Thanks for everyone input, much appreciated.
Phew! Just fixed for 5 years at 1.14%. Could have got 0.99% on two year fix, but wanted a longer term guarantee given the likely rate rises coming. I anticipate these will be staggered over the next 6-12 months, remaining high for a further 6-12 months so a 2year fix could drop you off a cheap deal at maximum rates, just before they drop again. Though I'm in no way an economist! Almost went for 10 years but the extra 4k over 5 years that would have cost put me off. Particularly with energy prices the way they are, and not seemingly like to come down rapidly again anytime soon. So a cheaper mortgage is offsetting higher utilities bills to maintain some sort of equilibrium, hopefully.
Nationwide renewal by the way.
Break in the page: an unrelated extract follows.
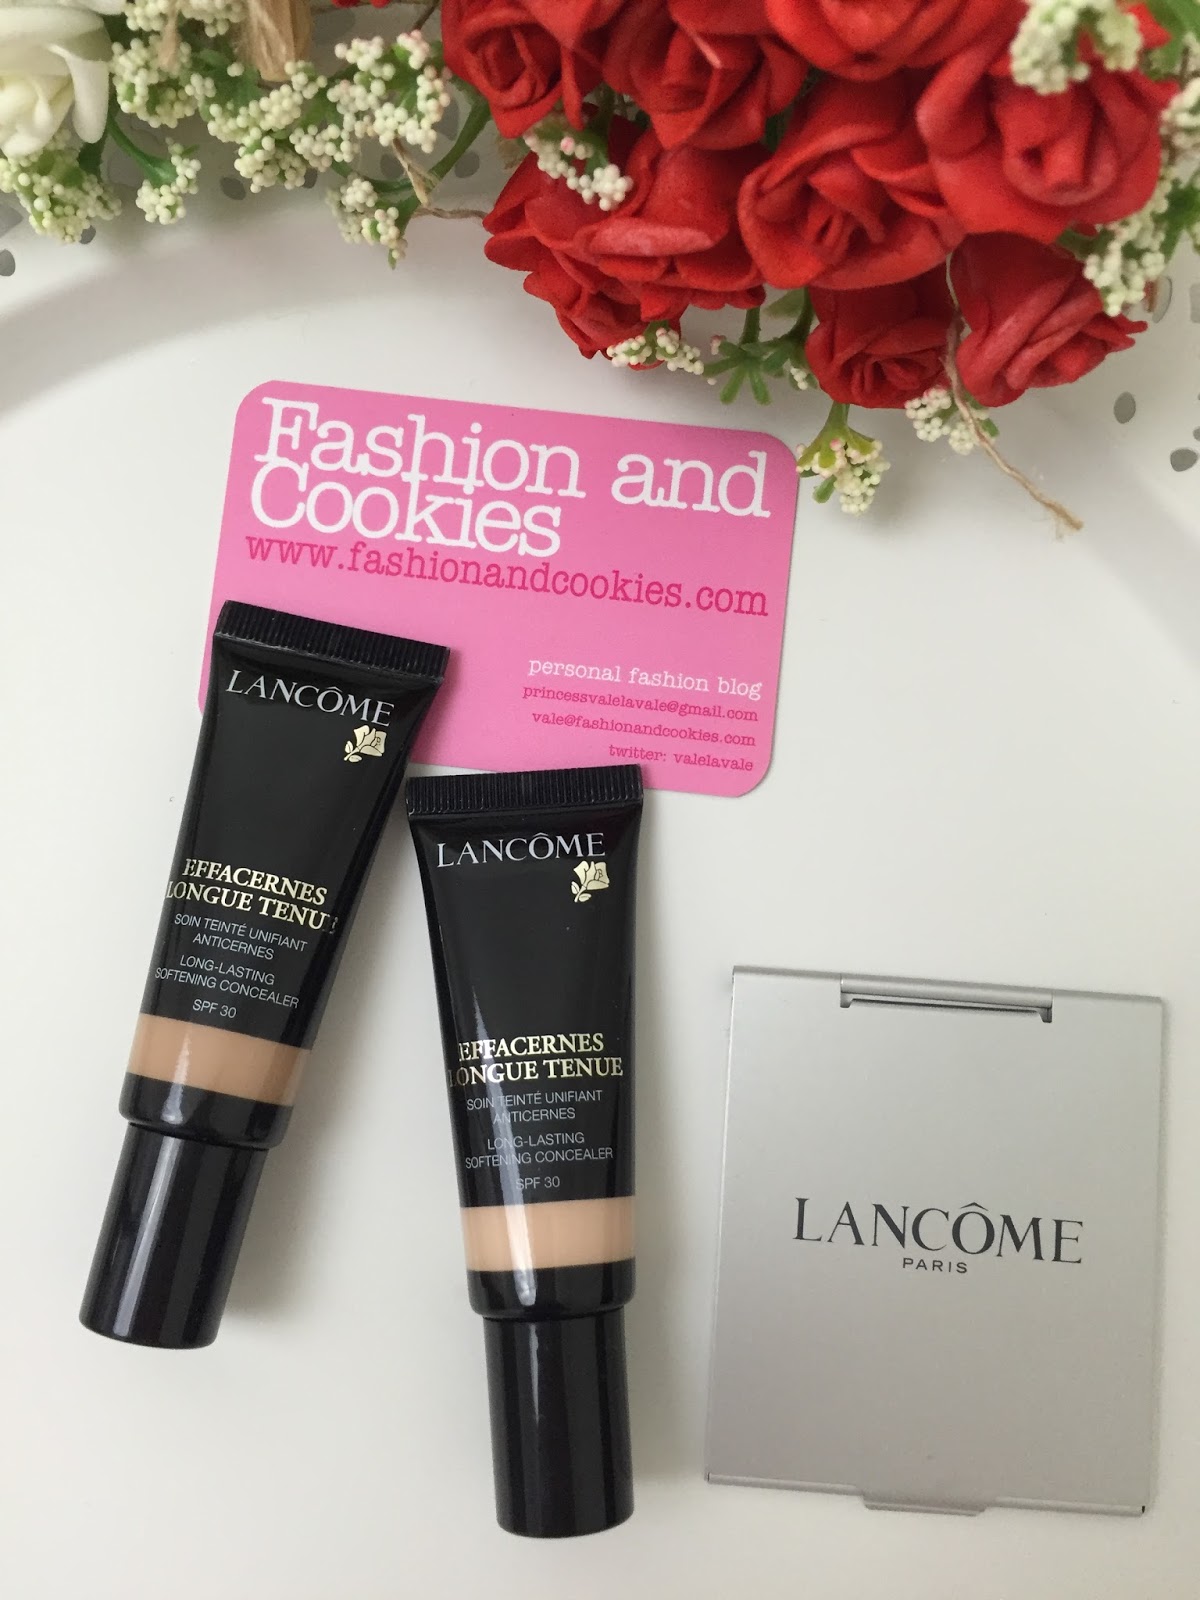 Lancôme Effacernes Longue Tenue concealer review on Fashion and Cookies beauty blog, beauty blogger
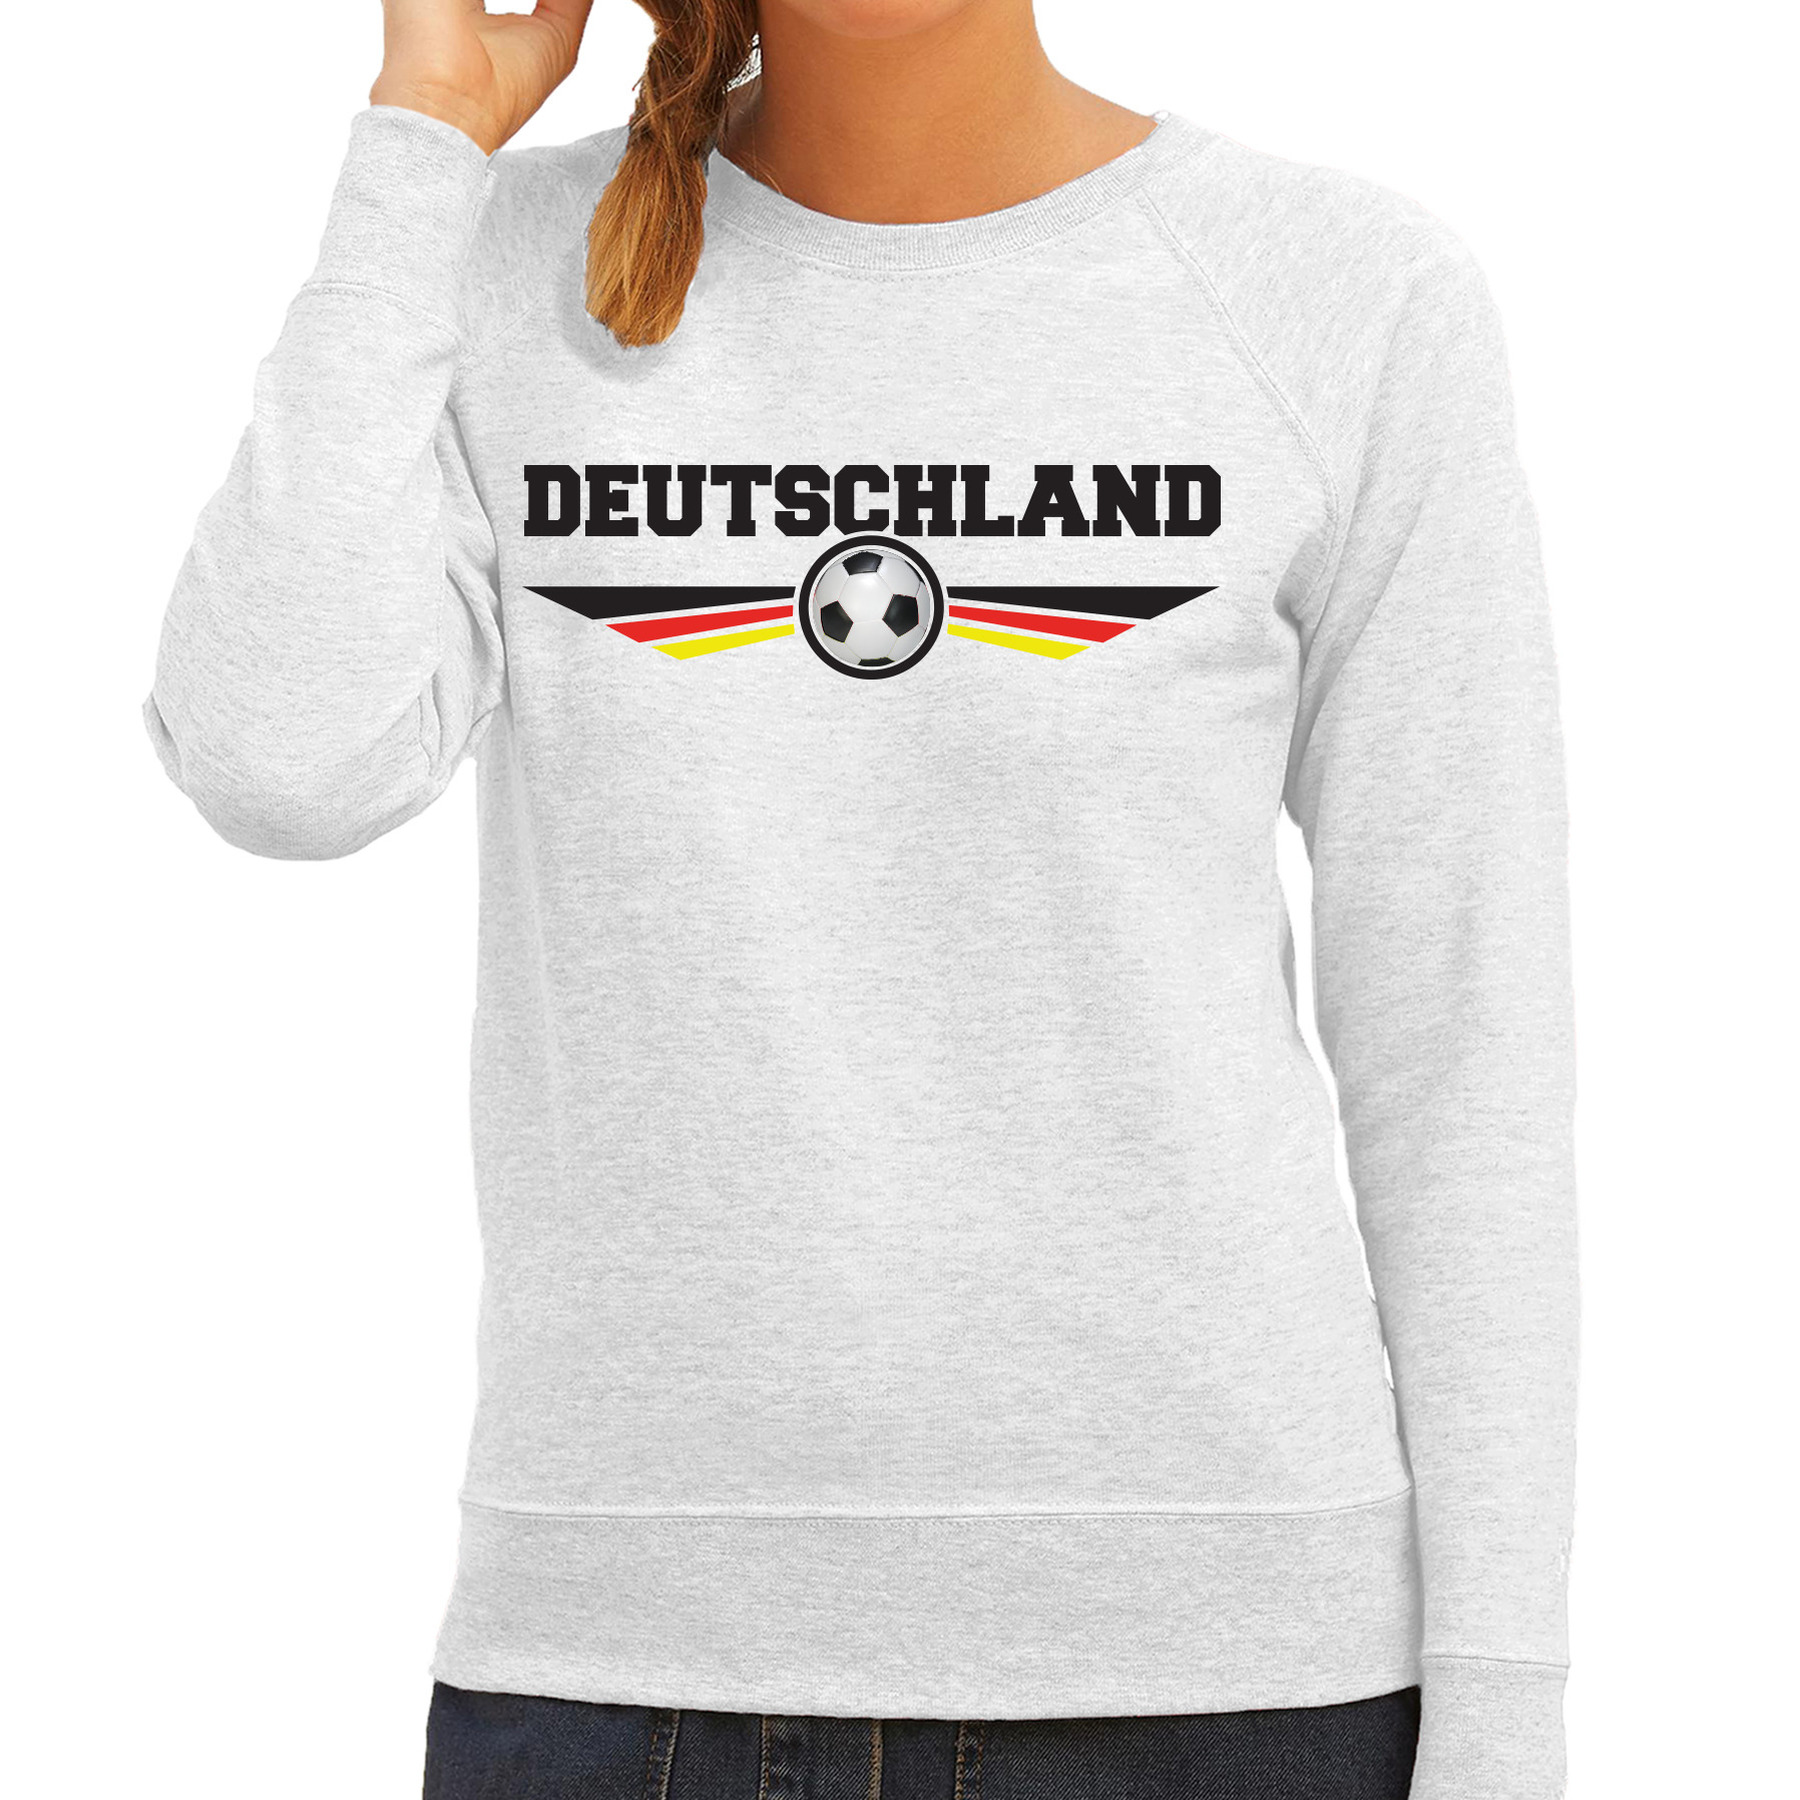 Duitsland-Deutschland landen-voetbal sweater grijs dames

All done online in minutes, apart from the repeated logging out to confirm the better half is happy with what I'm arranging, and reading the terms (which if you actually even skim read them, takes longer to go through than the system time out allows...
we too ended up going for a 5 year fixed....
with the stamp duty holiday, and lots of movers, i wonder if there will be lot of home owners changing deals in 5 years time.
here's hoping the rates don't go too drastic in that time..
Well BOE interst rates are not going up for another month, so hope for low mortgages for a bit longer.
I think we will be in recession next year at some point with little growth if at all.
BOE and their pathetic limitless tinkering trying to adjust the economy with interest rates will likely go back towards zero/0.1 medium term to provoke growth. Lol. There is no shortage of liquidity and there will still be little growth.
I can't see a scenario with interest rates going high at all further ahead.
Maybe a little bit of an uptick in the short term.
I'm not fixing but my circumstances allow me a lot flexibility that comes with a tracker. A low fix now is still a sensible bet for most though.
However we are in uncertain times!
10 years, no brainer surely....They're so low compared to a few years ago, we did 5 year fix on 5% when the variable rate was 6 point something.